Be assigned to workspaces as members or owners
Have roles assigned for fine-grained permissions
Access resources based on their permissions
Authenticate via local credentials or OIDC federated login (SSO)

VM-X AI supports OIDC (OpenID Connect) federated login for enterprise single sign-on (SSO). This allows users to authenticate using their organization's identity provider (e.g., Okta, Azure AD, Google Workspace).

Configuration:

Set the following environment variables to enable OIDC:

OIDC_FEDERATED_ISSUER: The OIDC issuer URL (required)
OIDC_FEDERATED_CLIENT_ID: The OIDC client ID (required)
OIDC_FEDERATED_CLIENT_SECRET: The OIDC client secret (optional, depending on provider)
OIDC_FEDERATED_SCOPE: OIDC scopes (default: openid profile email)
OIDC_FEDERATED_DEFAULT_ROLE: Default role assigned to federated users (default: power-user)

When OIDC is configured, the login page displays an "SSO Login" button that redirects users to the identity provider for authentication. After successful authentication, users are automatically created in VM-X AI (if they don't exist) and assigned the default role.

Roles

Roles manage permissions using granular policies. Each role defines:

Actions: What operations can be performed (e.g., ai-connection:create, workspace:delete)
Resources: What resources can be accessed (e.g., workspace:*, environment:production)
Effect: Whether to allow or deny the action (ALLOW or DENY)

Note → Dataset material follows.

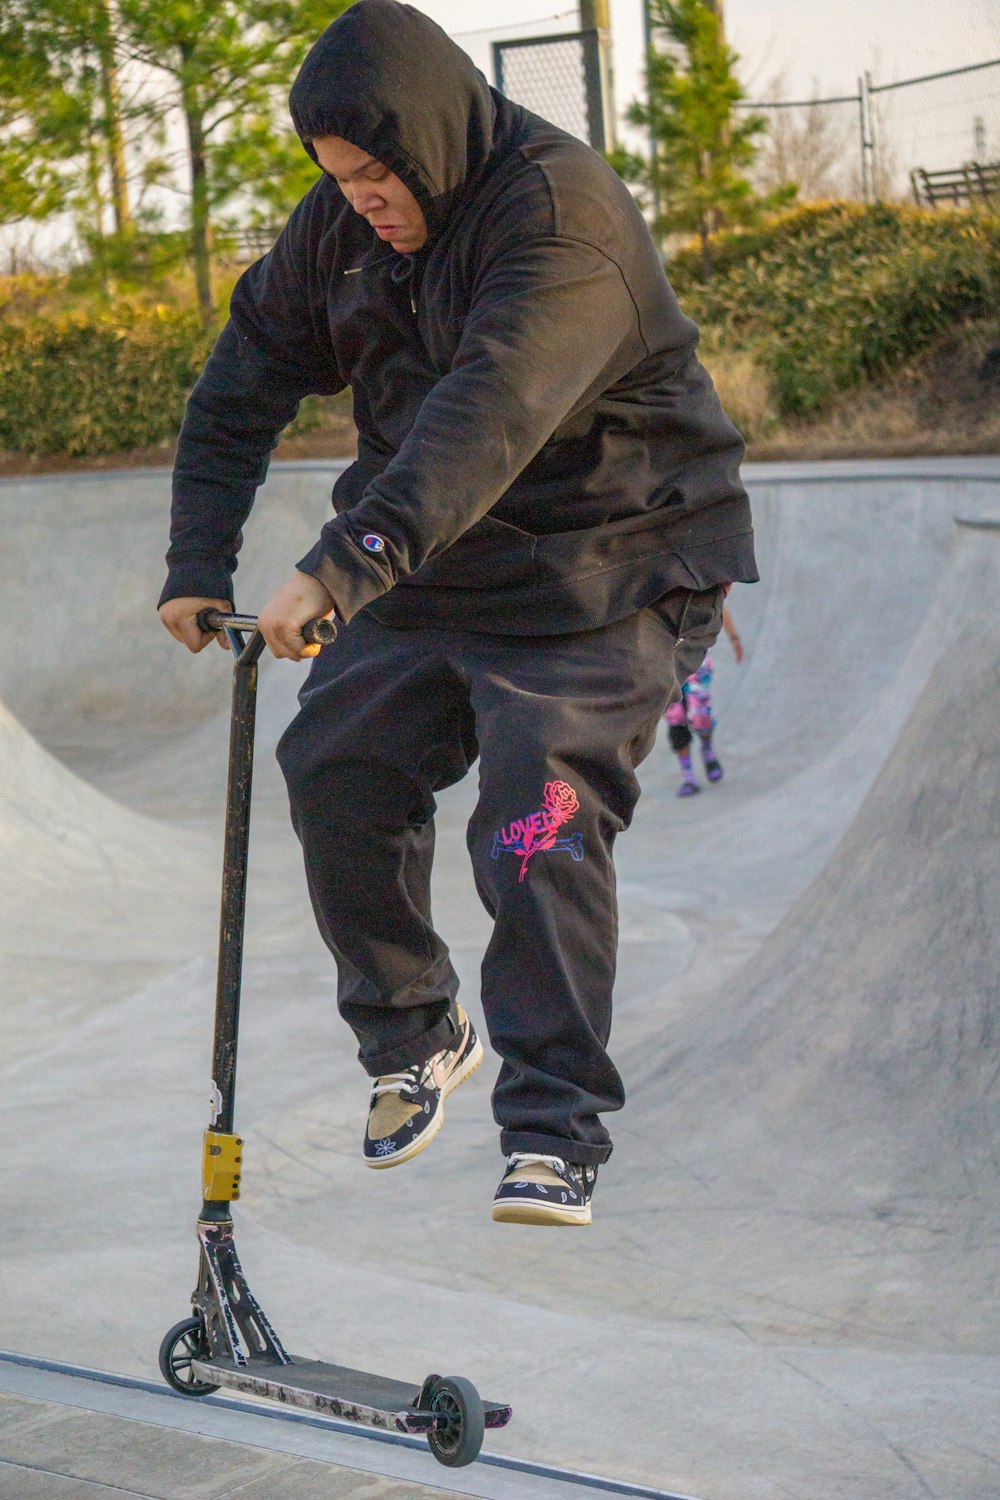 a man riding a scooter at a skate park

Roles support wildcards for flexible permission management:

* matches any value
? matches a single character

Default Roles

VM-X AI includes three default roles:

admin: Full access to everything (*:* on *)
power-user: Can create workspaces, environments, connections, and resources, but cannot manage roles or users
read-only: Can only read/list resources (*:get, *:list on *)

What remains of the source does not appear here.